Predict on Binary Inputs via TensorFlow Serving API

GRPC

TensorFlow Serving API allows sending the model input data in a variety of formats inside the TensorProto objects. Array data is passed inside the tensor_content field, which represents the input data buffer.

When the data is sent in the string_val field, such input is interpreted as a binary encoded image.

Note, that while the model metadata reports the inputs shape with layout NHWC, the binary data must be sent with shape: [N] with dtype: DT_STRING. Where N represents number of images converted to string bytes.

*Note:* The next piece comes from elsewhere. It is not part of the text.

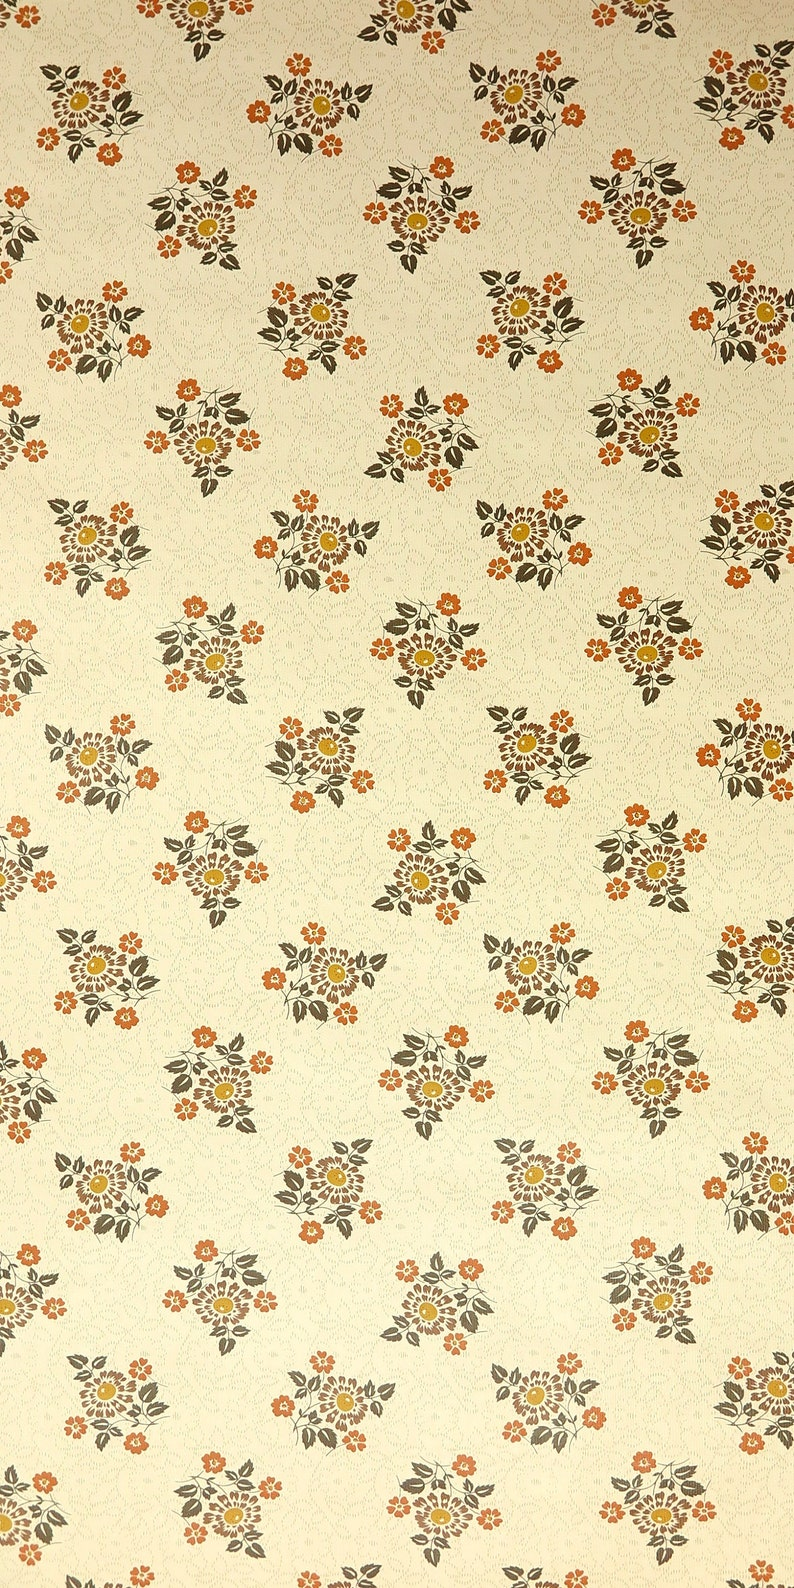 Vintage Wallpaper Nimelupe per meter

When sending data in the array format, all bytes are in the same sequence in tensor_content field and when loaded on the server side, the shape gives information on how to interpret them. For binary encoded data, bytes for each image in the batch are put in a separate sequence in the string_val field. The only information given by the tensor_shape field is the amount of images in the batch. On the server side, the bytes in each element of the string_val field are loaded, resized to match model input shape and converted to the OpenVINO-friendly array format by OpenCV.

HTTP

TensorFlow Serving API also allows sending binary encoded data via HTTP interface. The binary data needs to be Base64 encoded and put into inputs or instances field as a map in form:

<input_name>: {"b64":<Base64 encoded data>}

On the server side, the Base64 encoded data is decoded to raw binary and loaded using OpenCV which then converts it to OpenVINO-friendly data format for inference.

Usage examples

Sample clients that use binary inputs via TFS API can be found here (REST sample)/(GRPC sample) Also, see the (README)

Recommendations:

Sending the data in binary format can significantly simplify the client code and it’s preprocessing load. With the REST API client, only curl and base64 tool or the requests python package is needed. In case the original input data is jpeg or png encoded, there is no preprocessing needed to send the request.

Binary data can significantly reduce the network utilization. In many cases it allows reducing the latency and achieve very high throughput even with slower network bandwidth.